Share-Based and Unit-Based Compensation
In connection with the Merger, the Company shareholders adopted an omnibus equity incentive plan, the 2021 LTIP, for the employees, consultants and the directors of the Company and its affiliates who perform services for the Company. The holders of unvested restricted units issued under the 2018 LTIP were issued substitute awards under the 2021 LTIP at the closing of the Merger. Upon the closing of the Merger and after giving effect to the adjustment resulting from the one-for-twelve reverse stock split, the 2021 LTIP had 1,387,022 shares of common stock available for issuance, of which 440,784 shares remained available as of December 31, 2022.
2021 Long-Term Incentive Plan
The 2021 LTIP will provide for potential grants of: (i) incentive stock options qualified as such under U.S. federal income tax laws ("ISO's:); (ii) stock options that do not qualify as incentive stock options; (iii) stock appreciation rights, or SARs; (iv) restricted stock awards; (v) restricted stock units, or RSUs; (vi) stock awards; (vii) performance awards; (viii) dividend equivalents; (ix) other stock-based awards; (x) cash awards; and (xi) substitute awards, all of which will collectively be referred to as the "Awards".
The 2021 LTIP authorizes the Compensation Committee to administer the plan and designate eligible persons as participants, determine the type or types of Awards to be granted to an eligible person, determine the number of shares of stock or amount of cash to be covered by the Awards, approve the forms of award agreements for use under the plan, determine the terms and conditions of any Award, modify, waive or adjust any term or condition of an Award that has been granted, among other responsibilities delegated by the Company's Board.
Restricted Shares: The Company granted 367,420, 174,575, and 397,739 restricted shares to executives, employees and independent directors of the Company during the year ended December 31, 2022, three months ended December 31, 2021, and year ended September 30, 2021, respectively. The holder of these restricted shares receive dividends, in arrears, once the shares vest. The Company has accrued for these dividends which are reported in accrued liabilities and other non-current liabilities.
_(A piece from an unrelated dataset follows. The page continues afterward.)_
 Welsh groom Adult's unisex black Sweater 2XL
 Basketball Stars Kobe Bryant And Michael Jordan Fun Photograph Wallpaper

All restricted shares granted have a service period between 3 and 36 months. The Company estimates the fair values of the restricted shares as the closing price of the Company's common stock on the grant date of the award, with the expense amortized on a straight-line basis and recognized over the vesting period.
The following table presents the Company's restricted stock activity during the year ended December 31, 2022 under the 2021 LTIP:
2021 Long-Term Incentive Plan
Restricted Shares
Weighted Average Grant Date Fair Value(1)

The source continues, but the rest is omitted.